I was still sort of in the closet until last year, when Charlotte’s City Council started talking about a nondiscrimination ordinance that would allow trans people to use their preferred bathrooms. I testified in support of it—that was when I began to be public about being trans. When it passed, it felt like we were finally going in the right direction. But then North Carolina lawmakers started considering HB2 which blocked Charlotte’s ordinance. I testified at the Senate, begging them not to, but they did. I kept using the women’s bathroom anyway—it was a protest against the law every time. Also, if I were to go into the men’s bathroom, there was the potential of outing myself as a transgender woman. While I don’t really keep it a secret anymore, I don’t make it so obvious in public because it can be dangerous for me, especially in the climate we’re in now.

After HB2 passed, it got scarier. Anytime I have to drive in North Carolina, there are 50-mile stretches without a city, just back roads and small towns, and I can’t stop the car because if I do, I’ll have to worry about someone noticing me.
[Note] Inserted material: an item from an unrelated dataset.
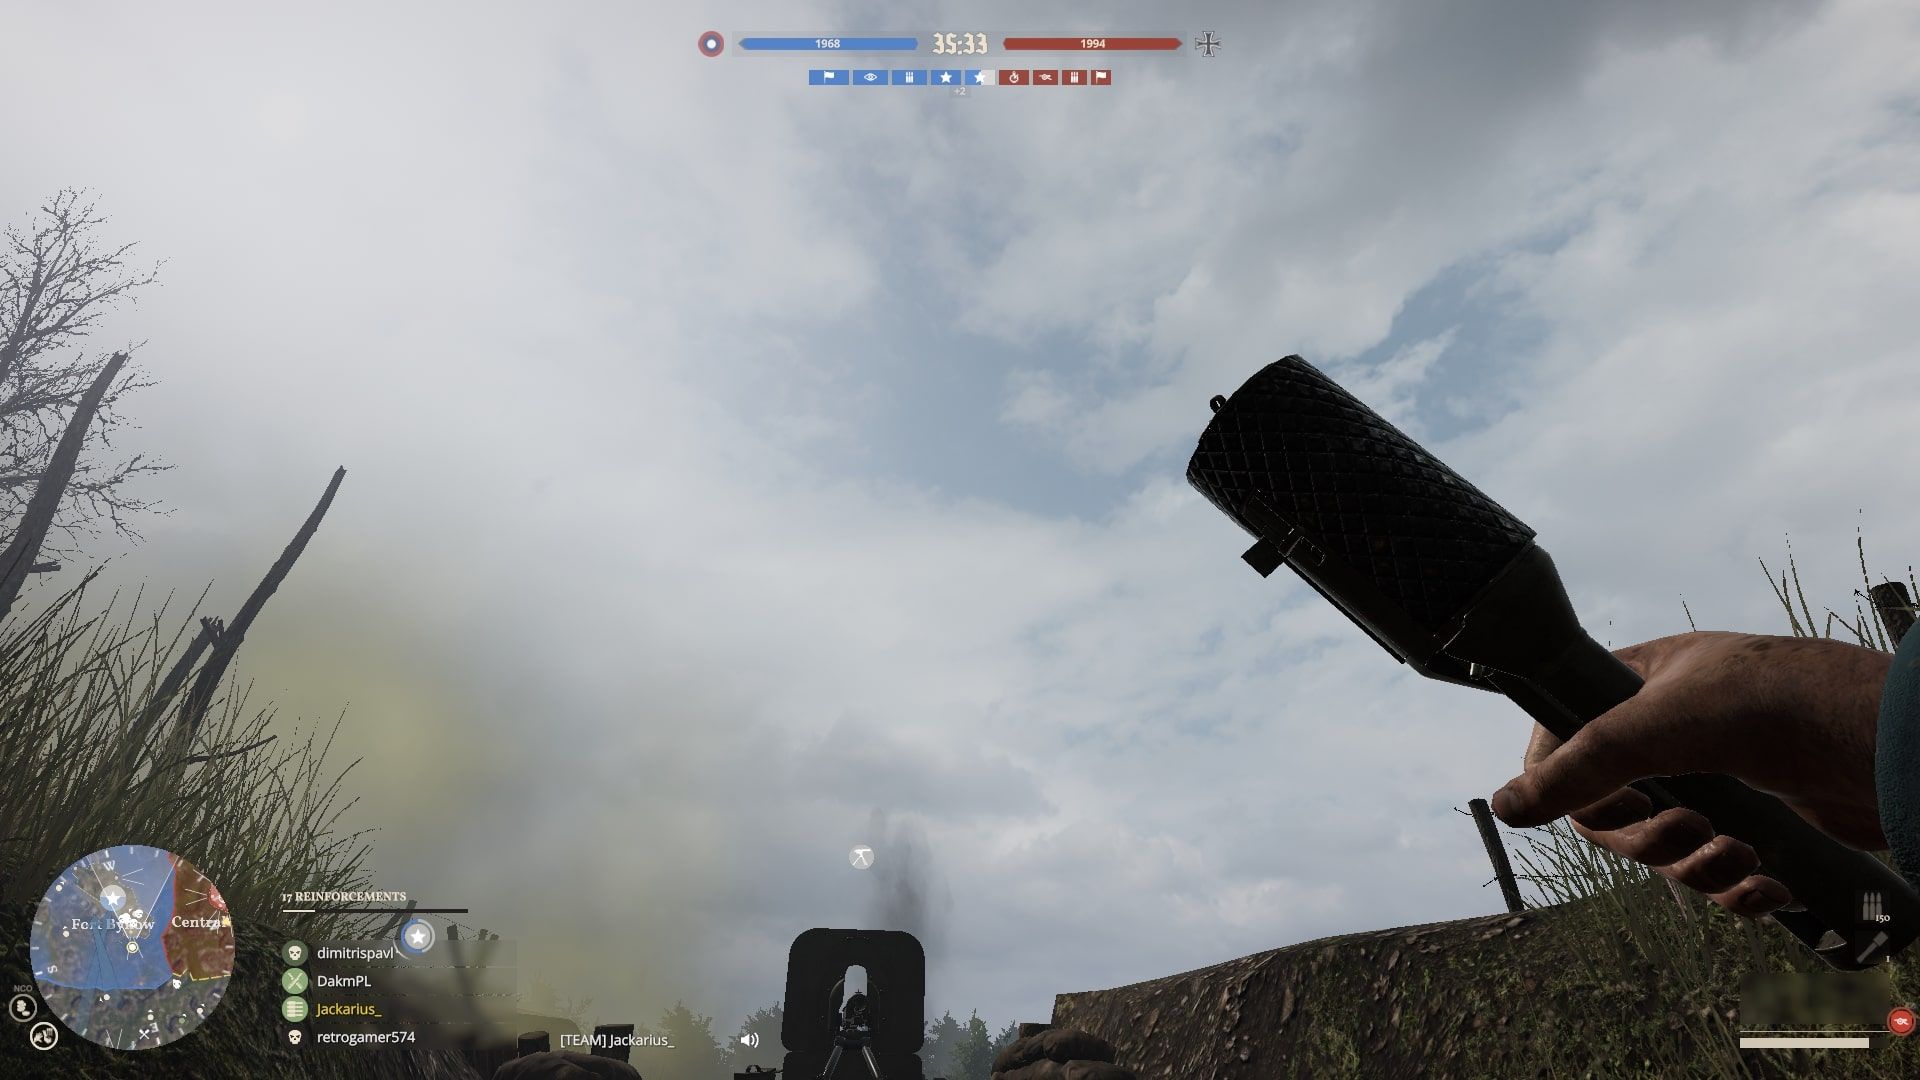 Tannenberg Lobbing A Grenade With Heavy Machine Gun And Gas In Background

Transgender people, especially people of color, face high rates of violence, so I’ve had to be mindful of my presentation, making sure my clothes are right and my mannerisms are perfect and my voice doesn’t drop too low. And I have to worry about the police pulling me over, discriminating against me. Because while there was always a risk, now they’re emboldened.

A majority of people who don’t really follow the issues that closely, they think there’s been a repeal. But I don’t think it was a repeal—I think transgender people are in even more danger now. When you don’t allow cities to give people protections, you put people in danger. Our state government made it clear that they put profit and sports ahead of our safety, and that mentality trickles down. We still don’t have the protections we need—all we have is a spotlight on us, so that people who don’t like us can target us. I feel less safe now than I did a few weeks ago, and so do a lot of people. I work with the Trans Lifeline, a suicide hotline, and after the new replacement law passed, there was a spike in callers.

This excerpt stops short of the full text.